I actually took a step back from the force.
“He just… He wouldn’t shut up. It was only supposed to be a little shove to make him stop talking.
” You didn’t mean to push him, or it was only supposed to be a little shove?
It probably wouldn’t be helpful to clarify that right now.
“I didn’t realize…” A hard swallow. “I didn’t realize he was so close to the railing, or that the railing was so low.
” A pause. “If anything, this is the venue’s fault.
What kind of safety rating is that? It’s unconscionable. ”
“He wouldn’t stop talking.” I brought him back to earlier in the conversation, before we started talking about historical buildings and grandfathered-in accessibility ratings.
“About what?” I let the words hang there.
When it didn’t sound like he was eager to go on, I tossed him a crumb.
“It was because he put two and two together from his last look around the building, didn’t he?
You’d seemed desperate to take it off his hands. He must have wondered why.”
“I don’t know what you’re talking about.” But he didn’t sound angry anymore. He sounded… tired.
Because he did know what I was talking about. And he knew that I knew what we were talking about.

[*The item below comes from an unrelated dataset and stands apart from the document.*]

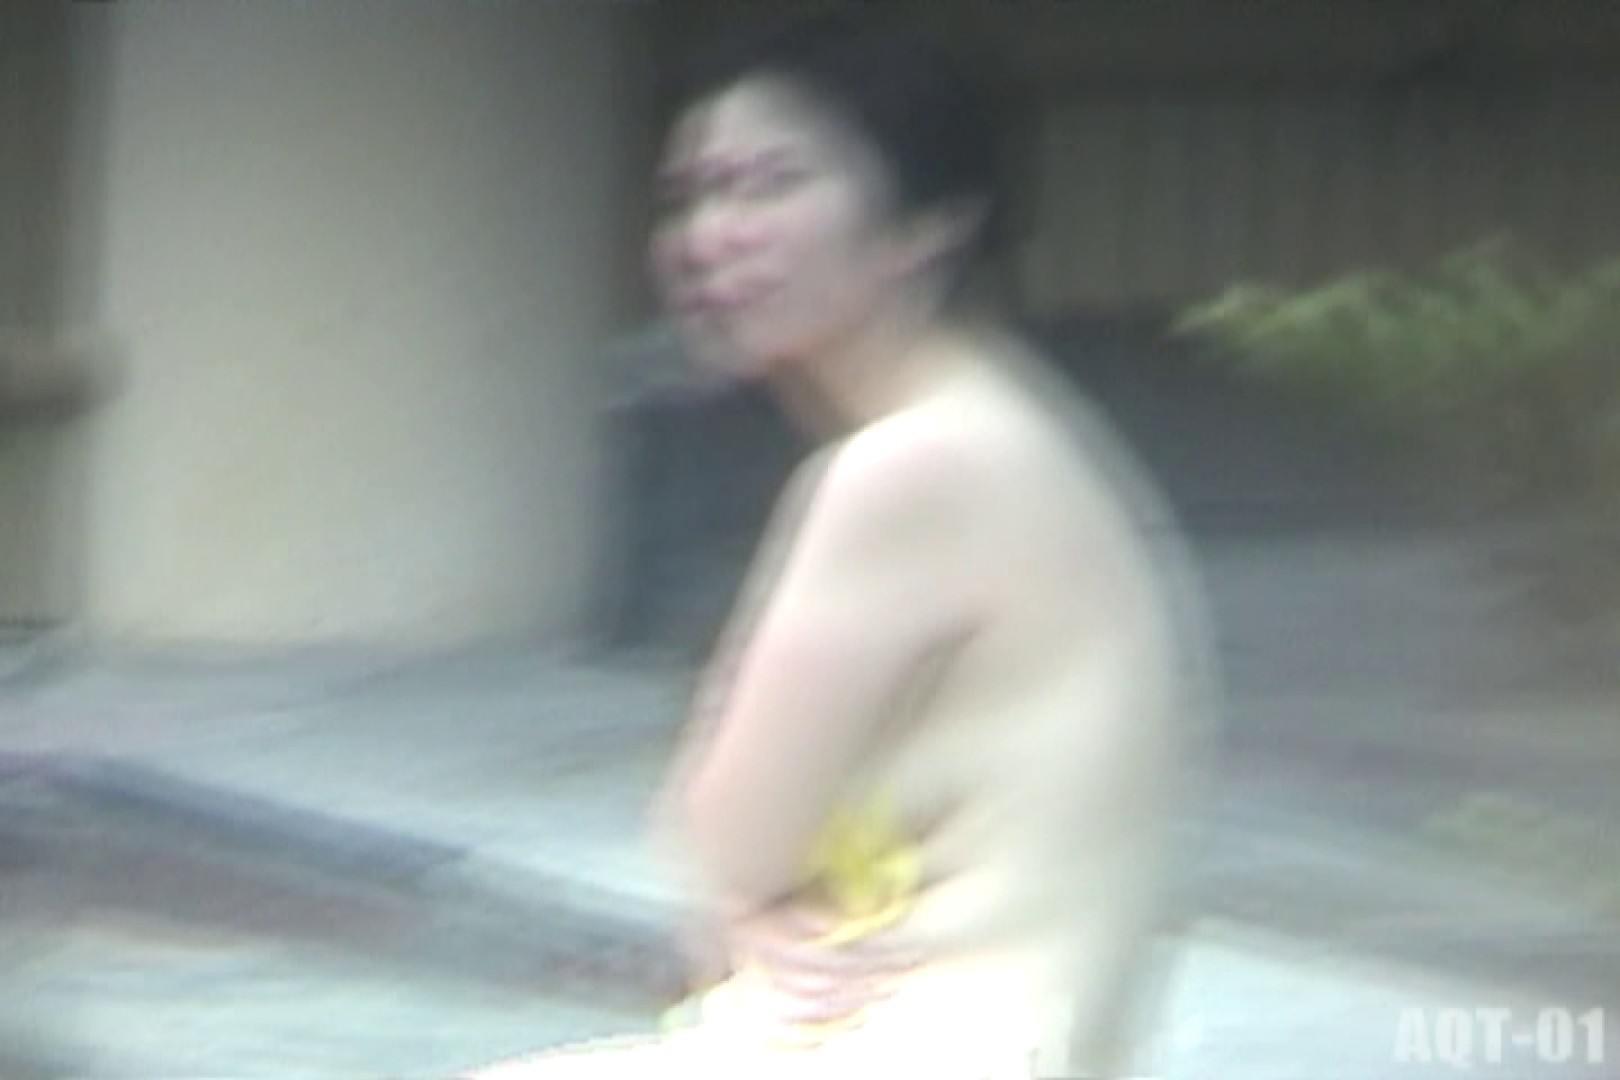 Aquaな露天風呂Vol.717 綺麗なOLたち  61枚 54

And he’d already killed one person to cover it up.
“I think you do.” We both knew it. I might as well stop being coy. “William.”

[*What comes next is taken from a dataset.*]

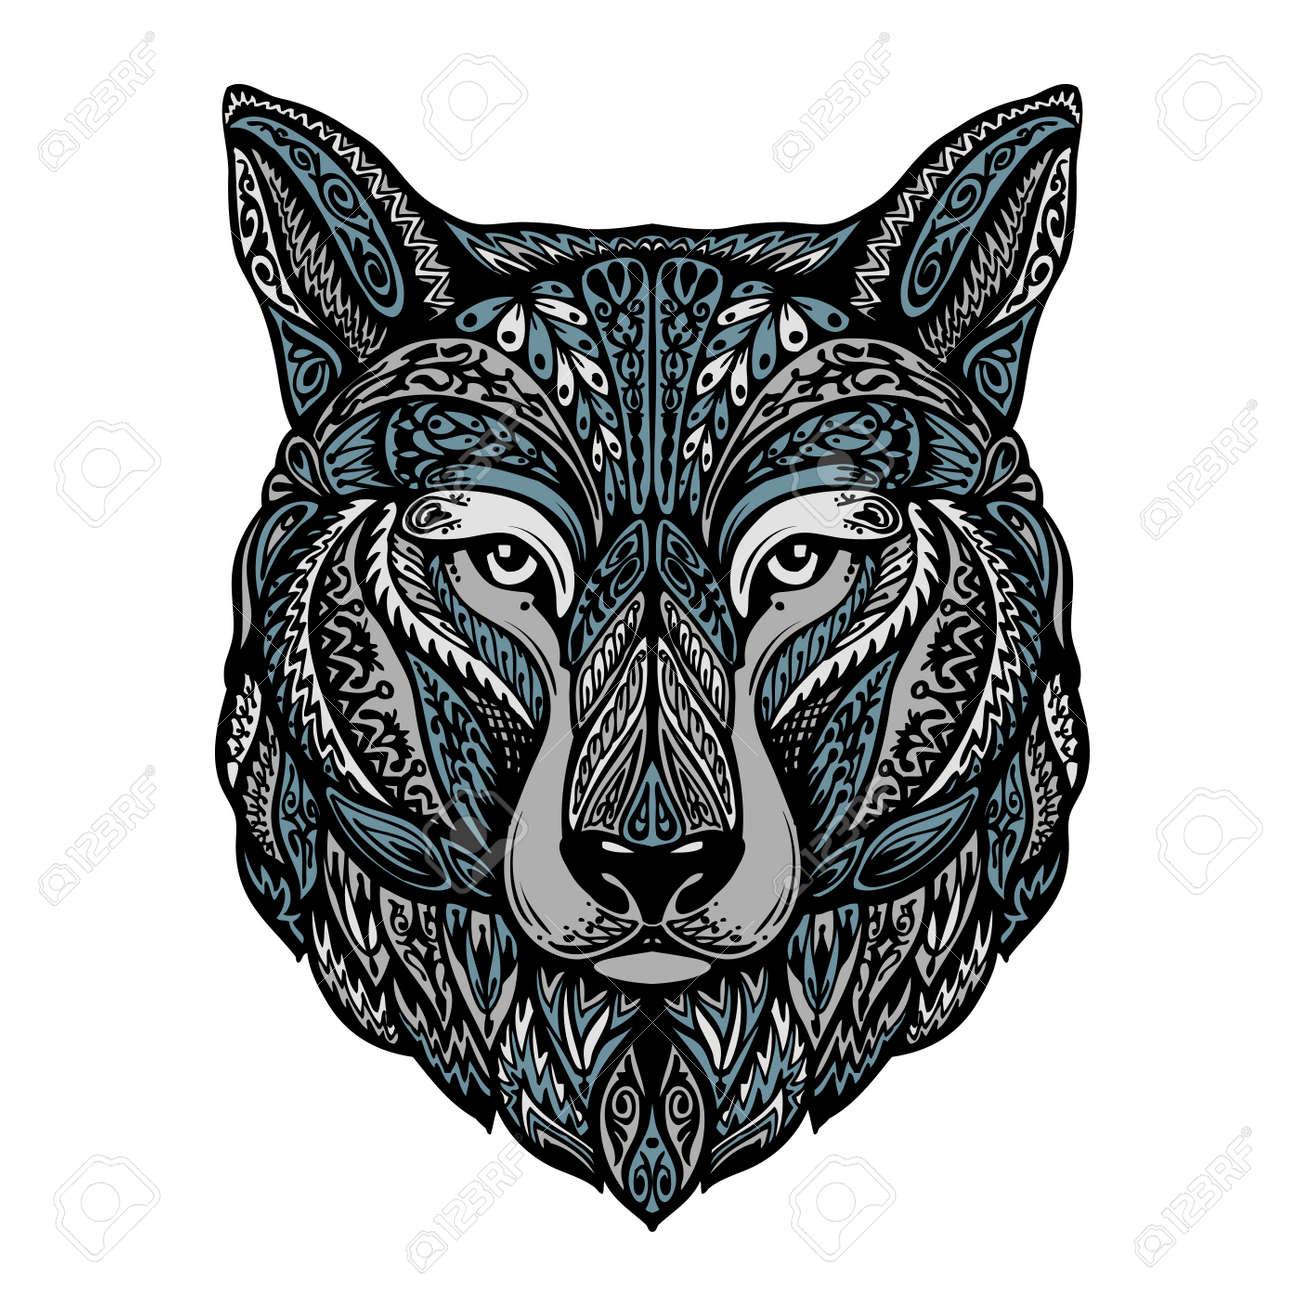 Ethnic ornamented wolf, dog, werewolf Vector illustration - 62977578

He sucked in a sharp breath. “How did you figure it out?”
“There’s only so long you can pretend to be someone you’re not,” I said somberly.
“That’s something I learned firsthand.” I paused to let my profound wisdom sink in.
“Also, the way you were trying to use my brother. I thought it was weird that my brother cared so much about what I did with that house, but then, after I learned the two of you were collaborating, I talked to him more. You told him you’d help him take over Afton Hotels if he got me to sell you the building.
That’s why you were so interested in whether Gabe wanted to be part of the business, weren’t you?
So that you could use him instead, since he’s closer to me.
You were so interested in that building.
“It made me take another look at the records. Isaiah, the artist, said that you’d wanted his painting of all those superheroes.
And I remembered that William, the kid who’d lived in the brownstone, had doodled superheroes that wound up in the rec-ords.
And under the wallpaper. And all over that house.
Your parents must have been annoyed they had to wallpaper over your big, looping signature.
I did a little more research, and found out the truth. ”
His mouth opened, as if ready to accuse me of lying, then closed again when he realized I’d told him I had receipts.
“That’s how you got into the house the day you went after me and Vienna and then out of the basement, isn’t it?
” I gestured at his head. He still had on that wig Persimmon told me he was wearing to disguise balding, though in reality it was probably to cover up the big bruise or bump I’d given him when I smashed him with the filing cabinet.
“You still had the keys from the old days, when you lived there.”
He hissed. Literally hissed, like a cat. He probably wasn’t used to people telling him he had to do things he didn’t want to do. Not then, not ever.
I sighed. “It’s over, William. You should just admit to it while you have some dignity left.”